In Texas, where it’s possible the state legislature will discuss casino legalization in the upcoming session, LVS has built a 50-strong lobbying team, according to news reports, to back up the lavish sums Adelson has donated to the campaign coffers of Governor Greg Abbot and other political leaders in the state.
“We’re deep in the hunt,” Goldstein said.
But in an apparent break from Adelson, his “great mentor and great friend,” as he termed him, he is launching LVS on a pursuit of opportunities in sports betting and other sectors of the digital gaming space, which has been one of the few bright spots in a U.S. gaming market ravaged by the pandemic.
Adelson was the industry’s most prominent foe of the industry’s expansion onto the internet and spent millions on lobbying and campaign contributions over the years to try to quash it.
“I have very strong thoughts about this, but I don’t want to talk about them at this time,” Goldstein said. “We are exploring it, and if we have something concrete to say we will tell you. Right now, it’s simply exploratory in the same way we explore lots of things over time. I saw something about the possibility of an IR in Thailand and we’re exploring that as well. Everything is up for grabs, and as a company our balance sheet enables us to have a very curious appetite to grow.”
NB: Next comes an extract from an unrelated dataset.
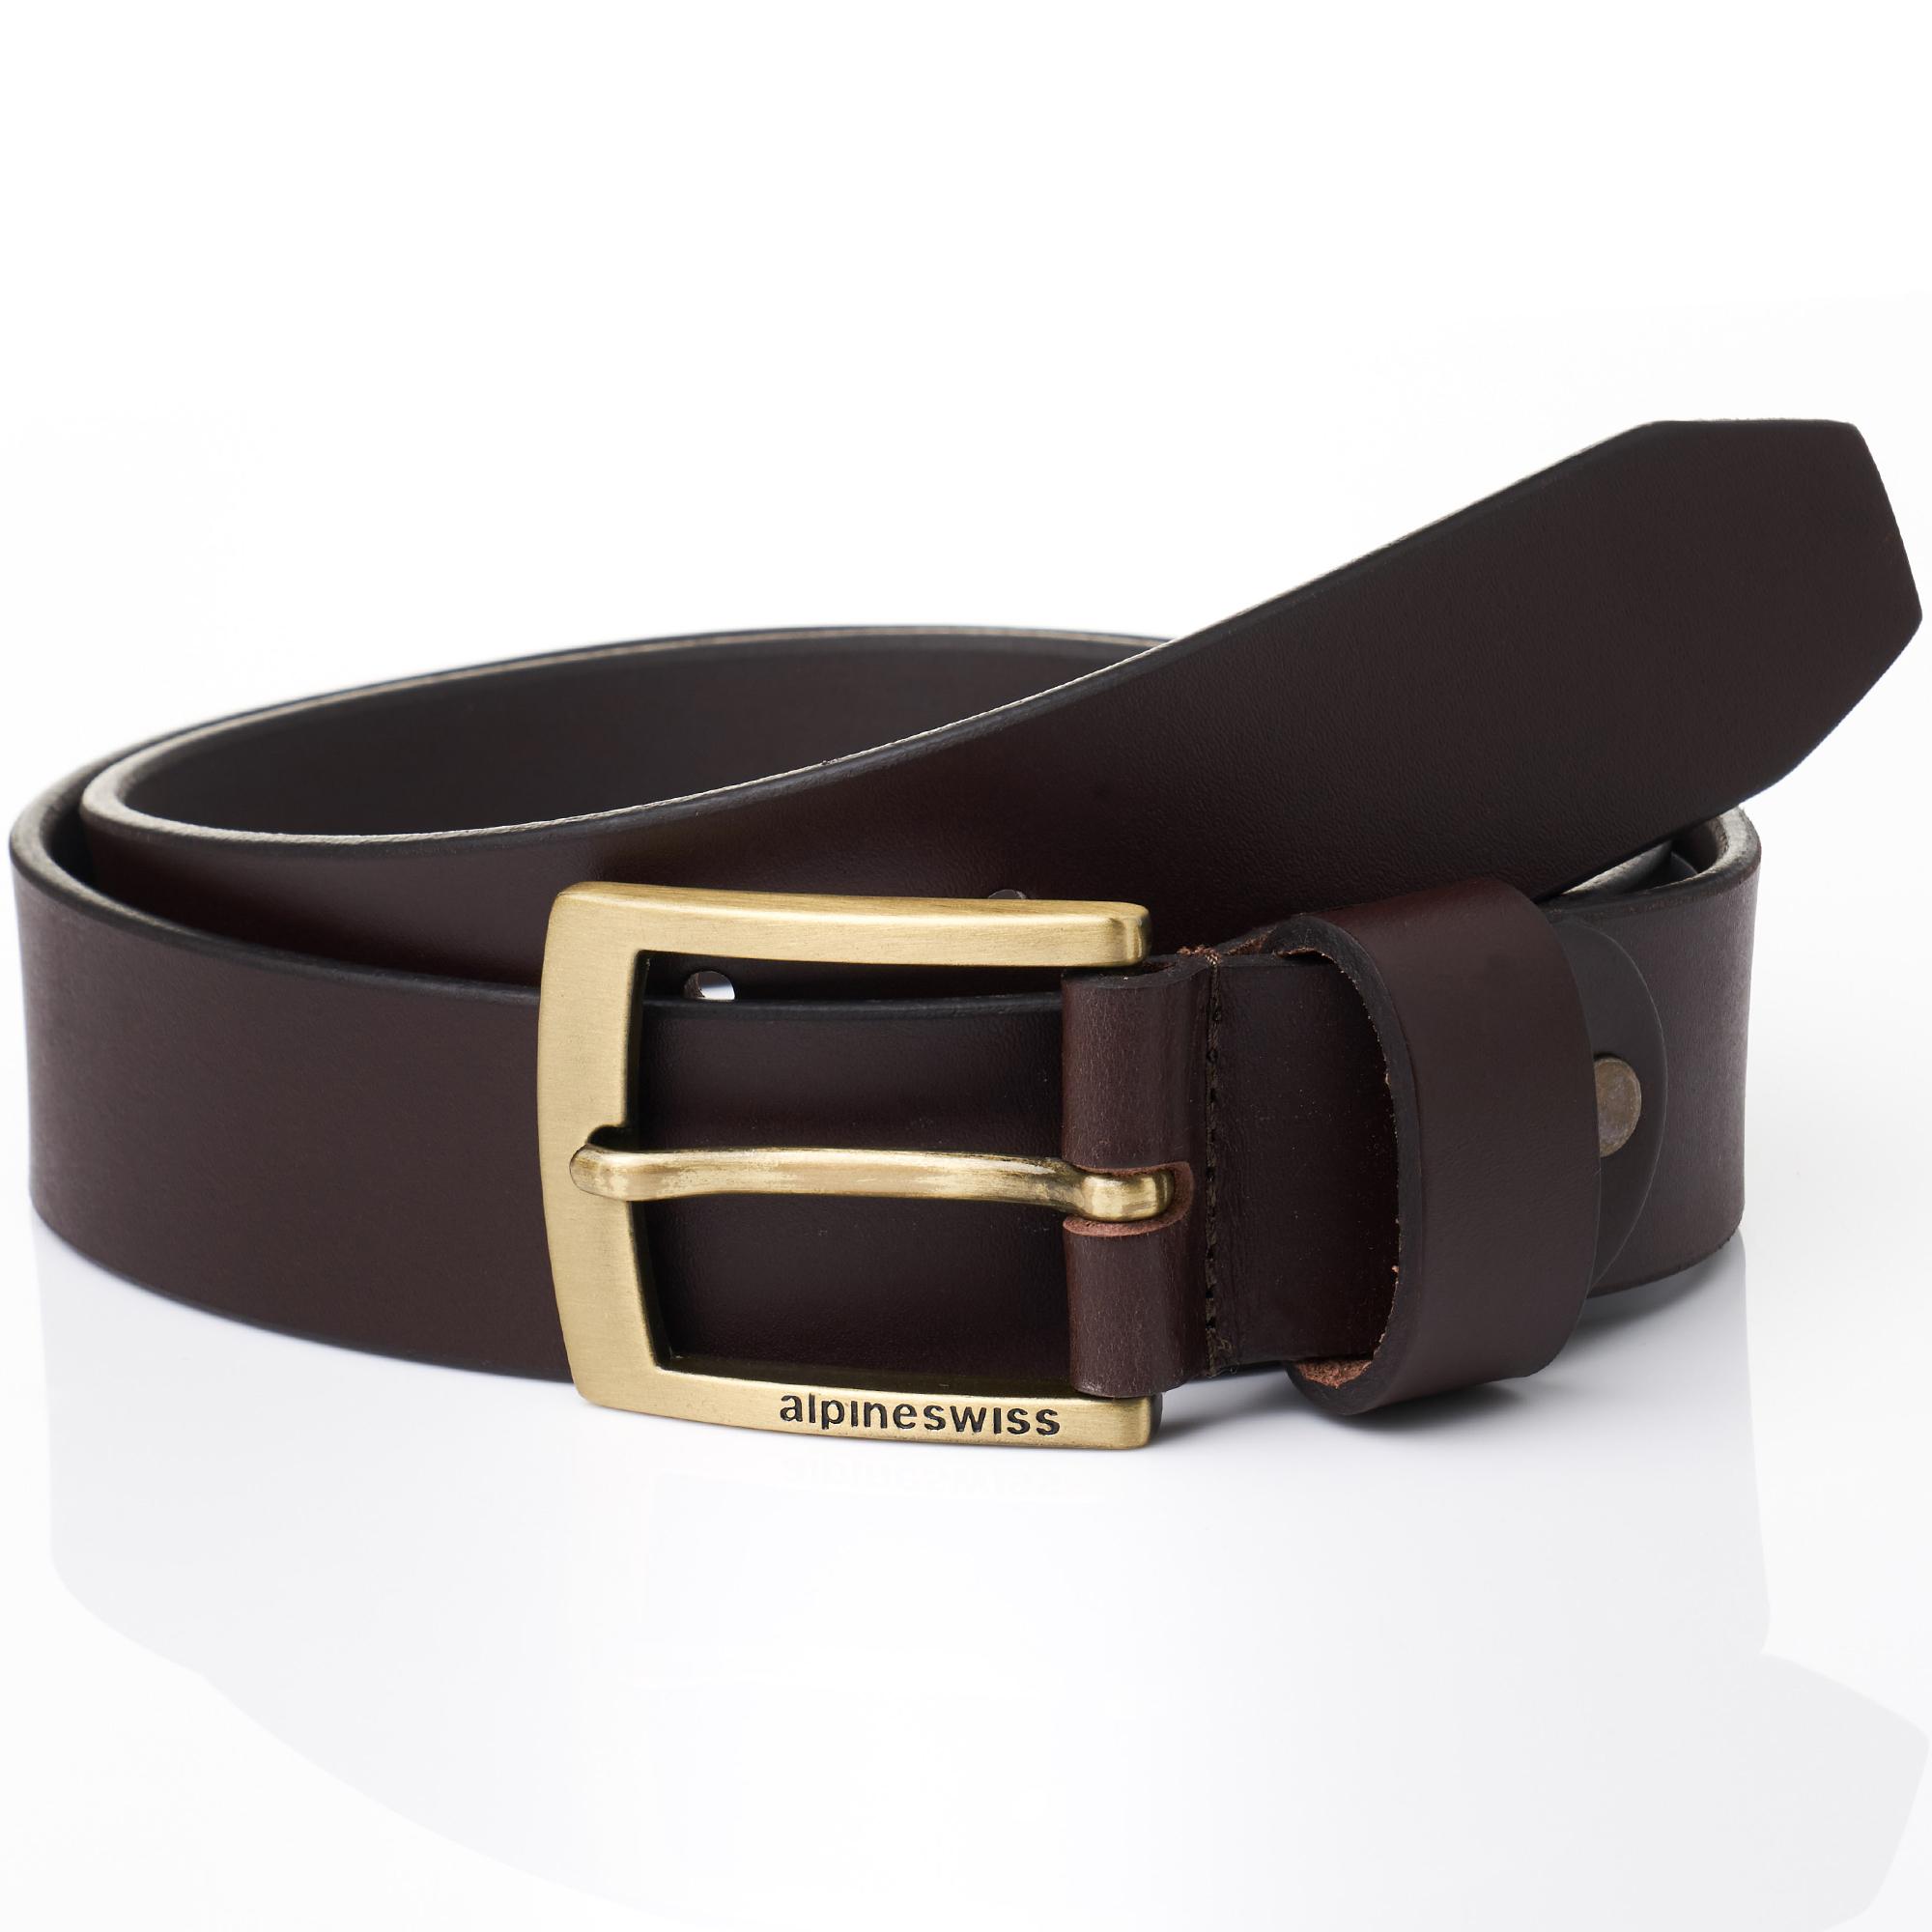 Alpine-Swiss-Mens-Leather-Belt-Slim-1-1-4-Casual-Jean-Dakota-Signature-Buckle thumbnail 15

The question is where and it’s a major one. The convention-based tourism model Adelson built at the Venetian and Palazzo on the Las Vegas Strip has been gutted by the pandemic. The twin resorts were in negative cash flow for 2020 to the tune of $124 million on total revenues that declined nearly 60 percent to $738 million. The company even has weighed selling the Strip business, though Goldstein made it a point to walk that back on the call.
“The customer demand for Las Vegas from 2022 to 2027 is unbelievable,” he said. “It may take significant time to recover, but the demand will be there. We remain bullish on Las Vegas.”
Macau revenues were down 69.7 percent year on year to $669 million and by 59.6 percent to $345 million in Singapore, though both markets returned to black in the fourth quarter in terms of adjusted property EBITDA to $47 million in Macau and $144 million at Marina Bay Sands.
Corporate-wide, LVS went from $5.38 billion in EBITDA in 2019 to a loss of $172 million in 2020 on total net revenues that plummeted to $3.61 billion from $13.78 billion the year before, a full two-thirds of that generated by Macau.
The net loss for 2020 came in at $1.68 billion.
The balance sheet remained strong, though, with $2.12 billion in unrestricted cash at year’s end.
“Our path forward is clear and remains true to the principles our founder was committed to for so many years,” Goldstein said. “We will continue supporting our people and the local communities in which we operate, reinvesting in our current markets, producing strong returns for our shareholders, and aggressively pursuing new development opportunities.”